◆ WHAT NEEDS TO BE DONE ◆
Return, with both end lines included, exactly what the data below holds from the line with "Bhutan-thimpu-dzong" through the line with "Barback Windsor Kitchen Chairs (6)", though not the pictures.

◆ PROVIDED DATA ◆
◇ ◇ ◇ ◇ ◇
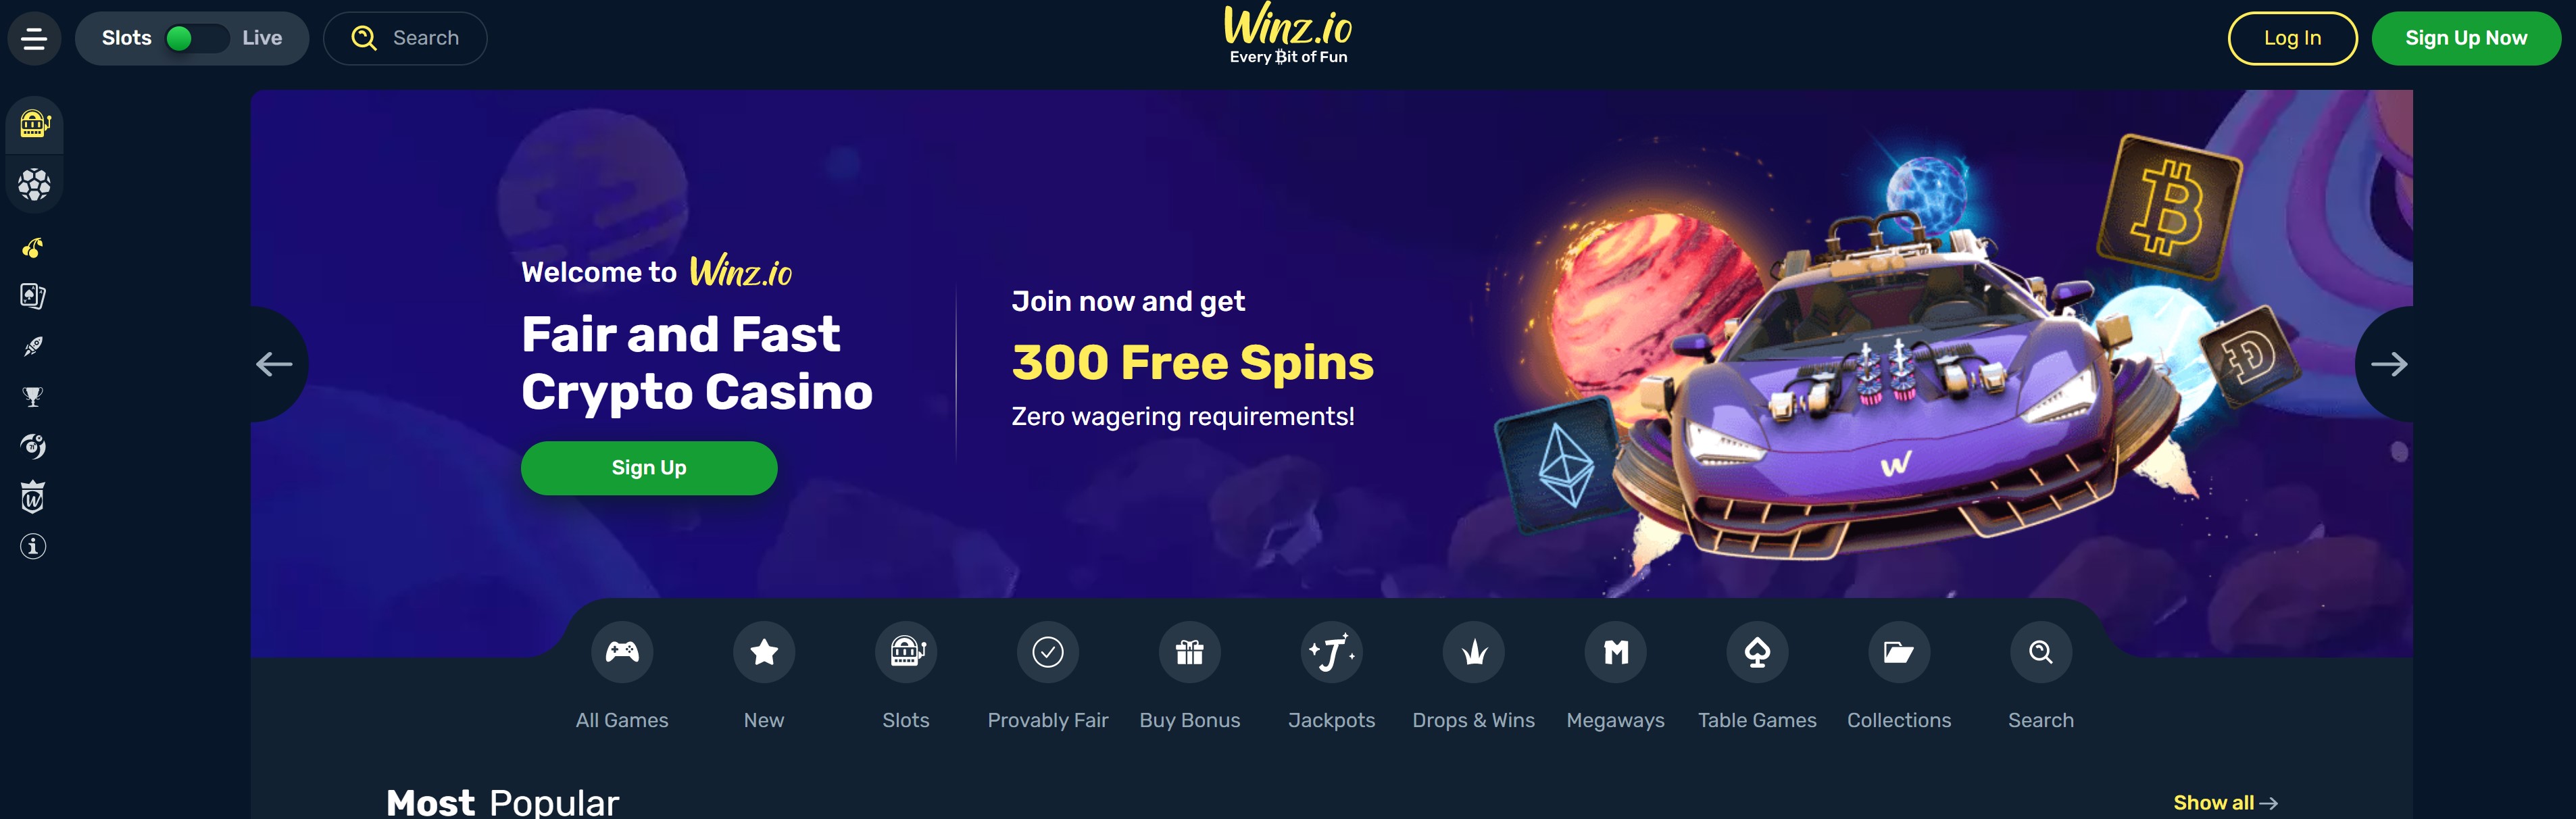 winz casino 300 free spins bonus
◇ ◇ ◇ ◇ ◇
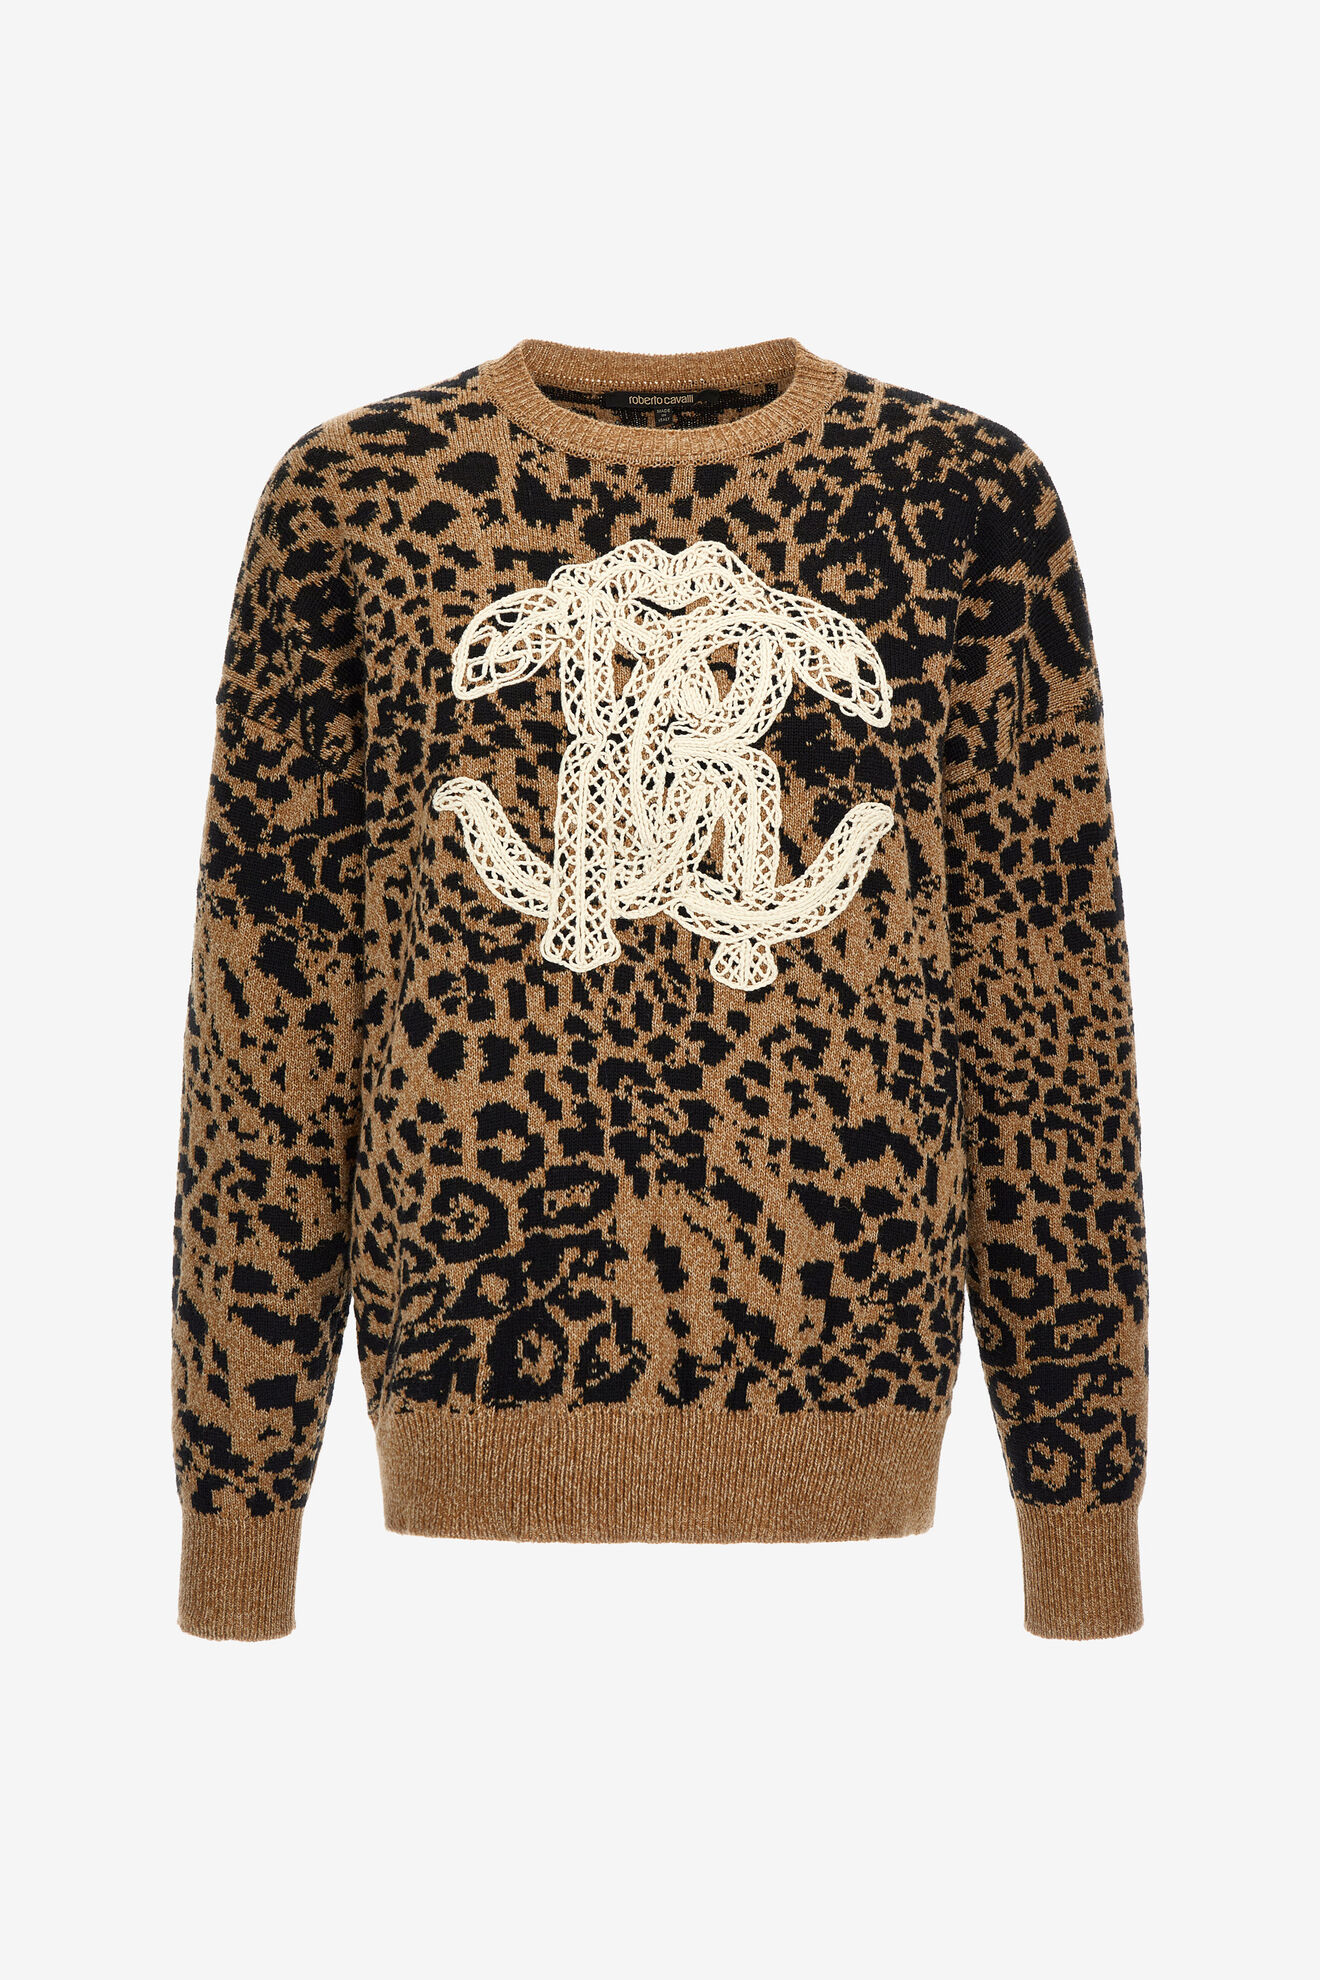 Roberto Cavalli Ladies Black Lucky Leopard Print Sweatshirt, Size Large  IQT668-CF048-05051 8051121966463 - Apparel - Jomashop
◇ ◇ ◇ ◇ ◇
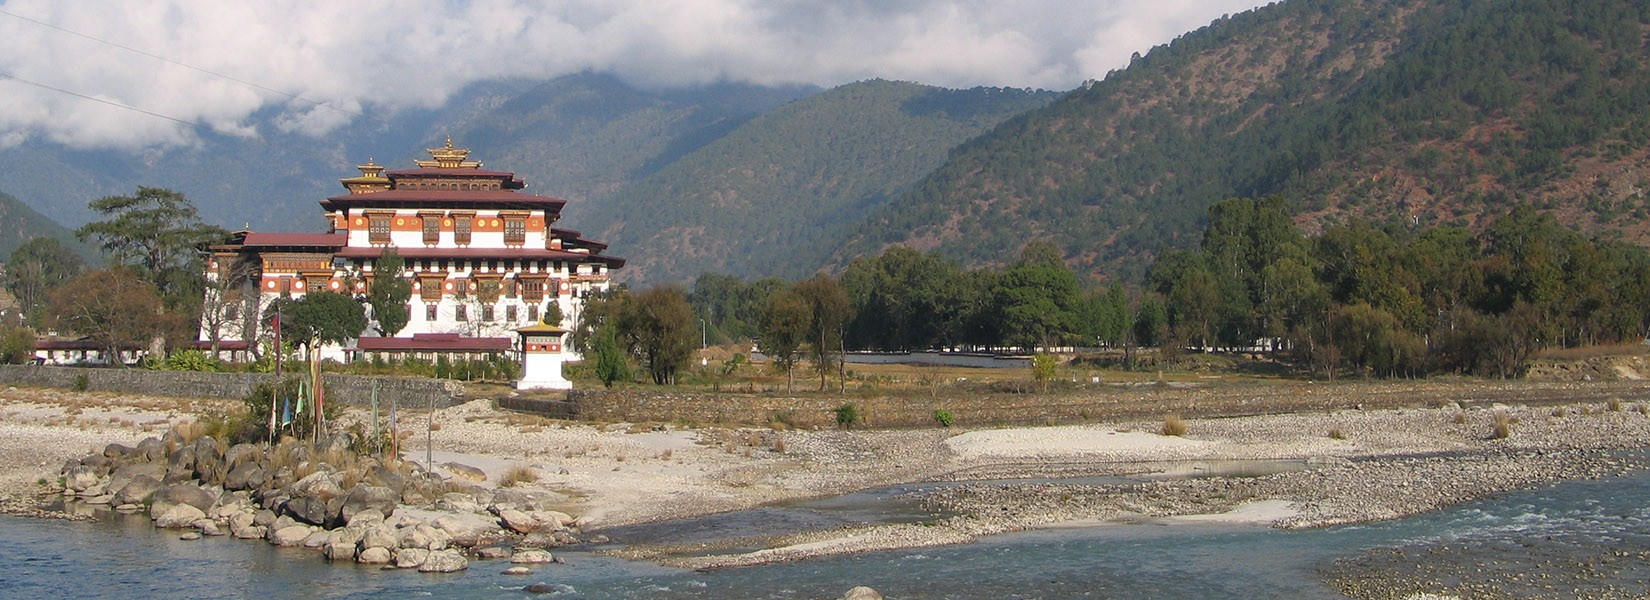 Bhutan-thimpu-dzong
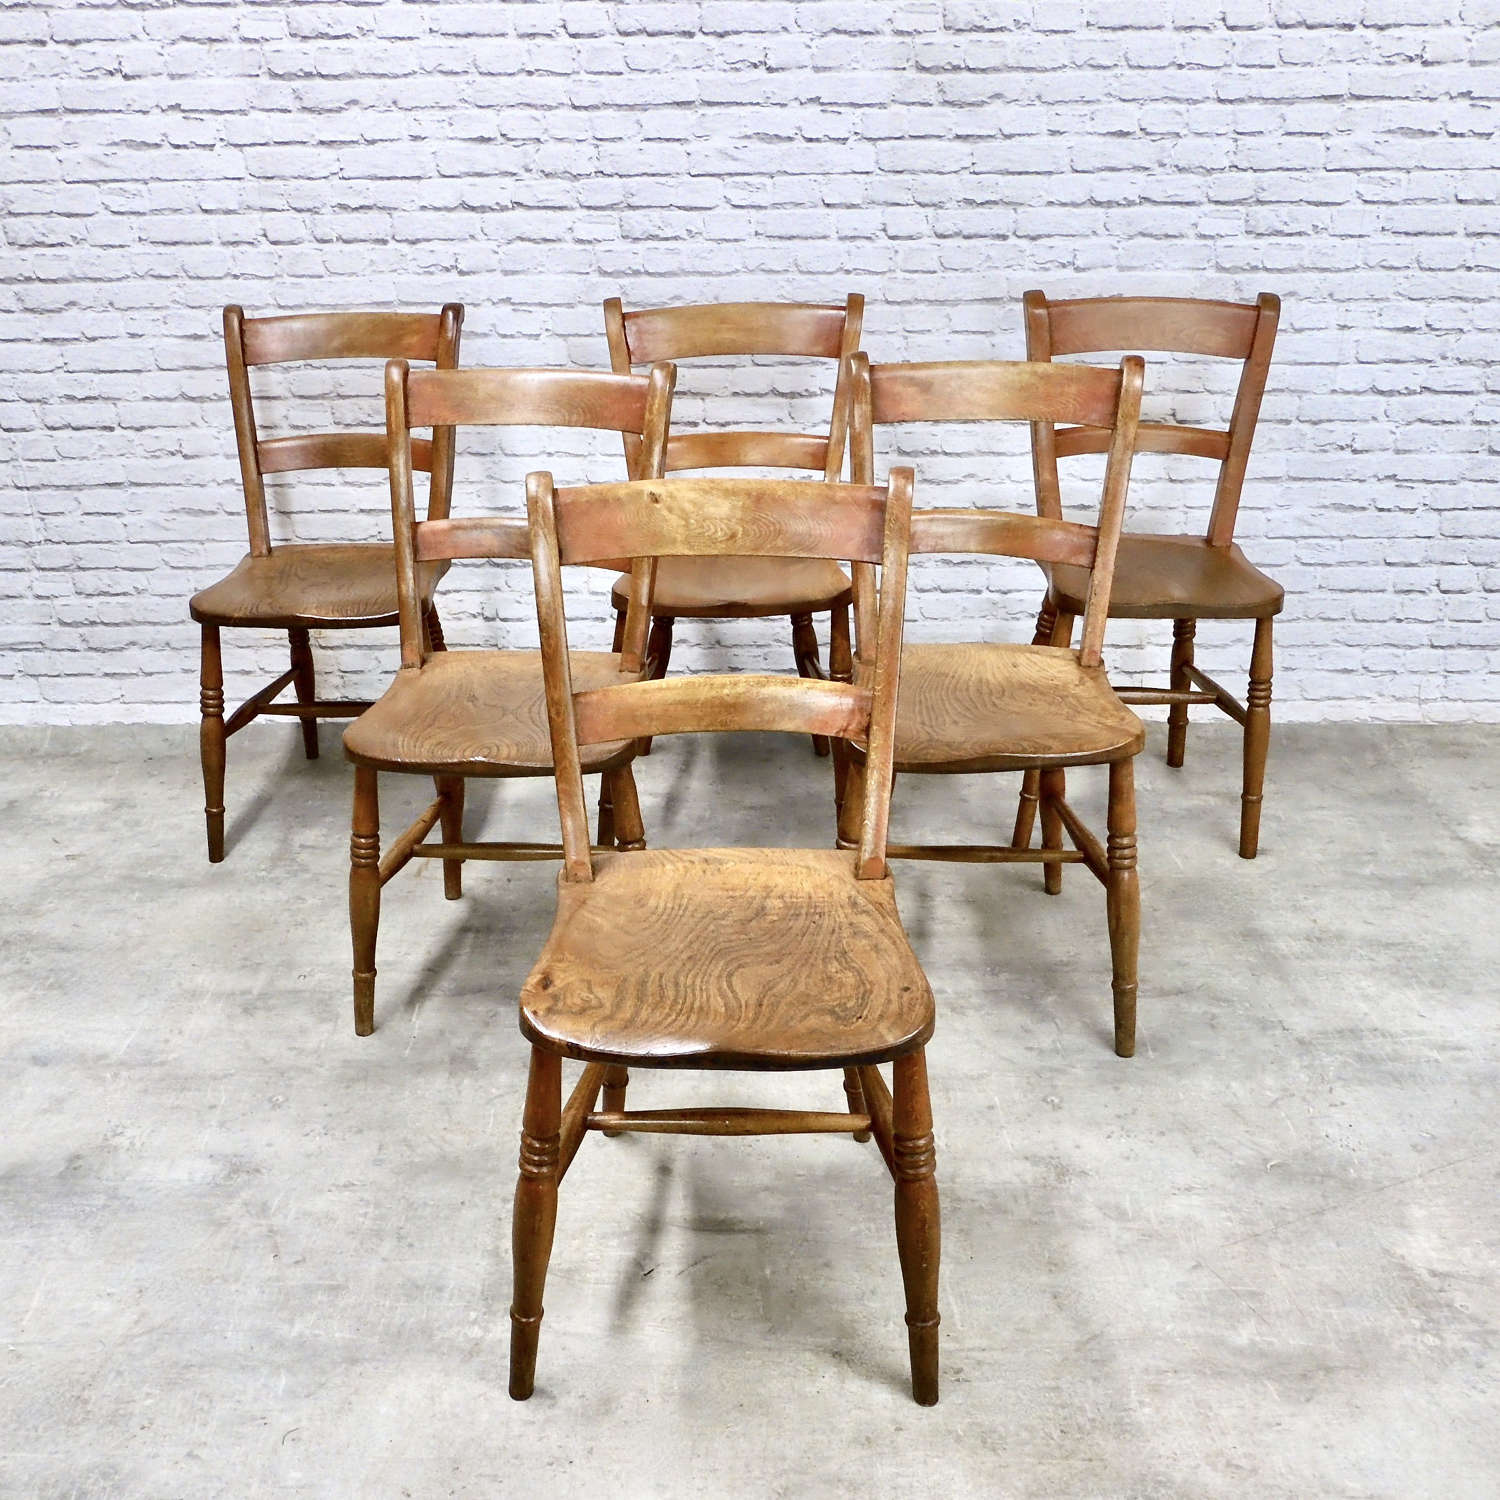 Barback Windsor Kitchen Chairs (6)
◇ ◇ ◇ ◇ ◇
◆ SOLUTION FOR THIS PROBLEM ◆
 Bhutan-thimpu-dzong
 Barback Windsor Kitchen Chairs (6)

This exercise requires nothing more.